Il mancato deposito di note scritte anche entro il secondo termine determina l'estinzione del processo, previa cancellazione della causa dal ruolo, come prevede l'articolo 127-ter citato, applicabile a tutti i procedimenti civili pendenti alla data del
1° gennaio 2023. Tenuto conto della volontà espressa con la riforma ex d.lgs.
149/2022, nonché del principio ermeneutico ubi lex voluit dixit, ubi tacuit noluit, con riguardo al novellato art. 348 c.p.c., e attesa l'idoneità dell'estinzione a definire in rito il processo nonché a determinare il passaggio in giudicato della sentenza di primo grado (ove l'estinzione divenga definitiva), il relativo provvedimento deve assumere la forma della sentenza, che è quella che consente alla parte, ove lo ritenga necessario, l'eventuale impugnazione. Questa conclusione, secondo una prima lettura, va confermata anche a seguito dell'entrata in vigore del d. lgs. 31 ottobre
2024, n. 164, che ha aggiunto i commi 5 e 6 all'articolo 350 c.p.c. (sui modi e le forme della dichiarazione di estinzione del processo), considerato che le disposizioni del predetto decreto legislativo si applicano (ai sensi dell'articolo 7, comma 1) ai
“procedimenti” introdotti successivamente al 28 febbraio 2023: si tratta, infatti, di disposizione intertemporale diversa da quella contenuta nella cd. “riforma Cartabia”, con la quale, invece, si è stabilita l'applicazione delle norme dei capi I e II del titolo
III, nonché degli articoli 283, 434, 436-bis, 437 e 438 c.p.c. - per come modificati - anche alle “impugnazioni” proposte successivamente al 28 febbraio 2023 (cfr. art. 35, comma 4, D.lgs. 10 ottobre 2022, n. 149). La novità legislativa introdotta con il
2 correttivo trova, dunque, applicazione per i soli procedimenti iniziati in primo grado a partire dal 28 febbraio 2023.

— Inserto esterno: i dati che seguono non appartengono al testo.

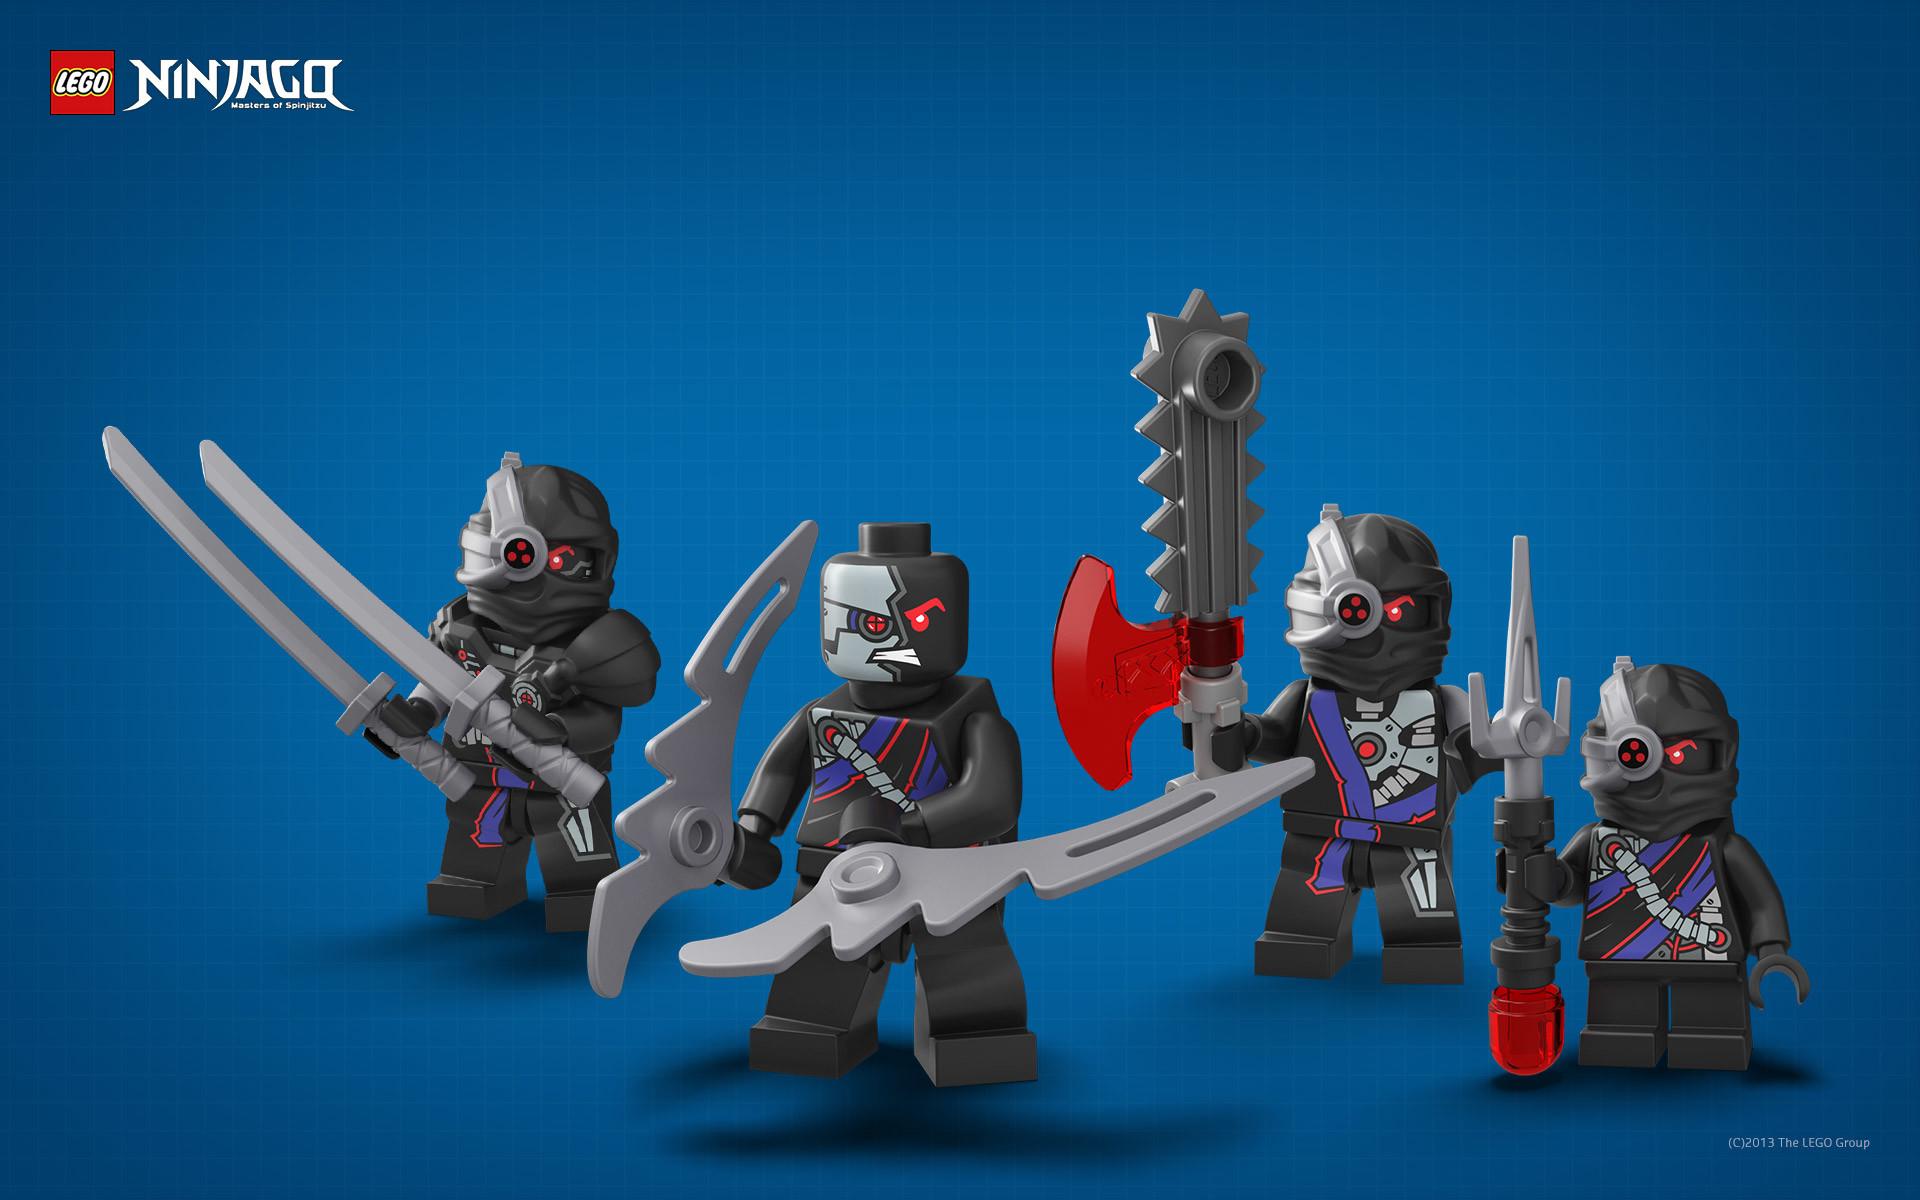 Wallpaper: LEGO Ninjago – Ninroids

In conclusione, verificata la regolare comunicazione dei provvedimenti del 23.12.2024
e del 17 gennaio 2025 (coi quali è stata prima disposta la trattazione scritta in sostituzione dell'udienza e, poi, assegnato il nuovo termine ai sensi dell'articolo 127- ter, quarto comma, c.p.c.), va ordinata la cancellazione della causa dal ruolo e dichiarata l'estinzione del processo, restando le relative spese a carico delle parti che le hanno anticipate (così come previsto dall'art. 310 c.p.c.).
P. Q. M.
La Corte d'Appello di Napoli, VI sezione civile, così provvede:
1. ordina la cancellazione della causa dal ruolo e dichiara l'estinzione del giudizio;
2. dispone che le spese del presente grado di giudizio restino a carico delle parti che le hanno anticipate.
Così deciso in Napoli nella Camera di Consiglio del 13 febbraio 2025.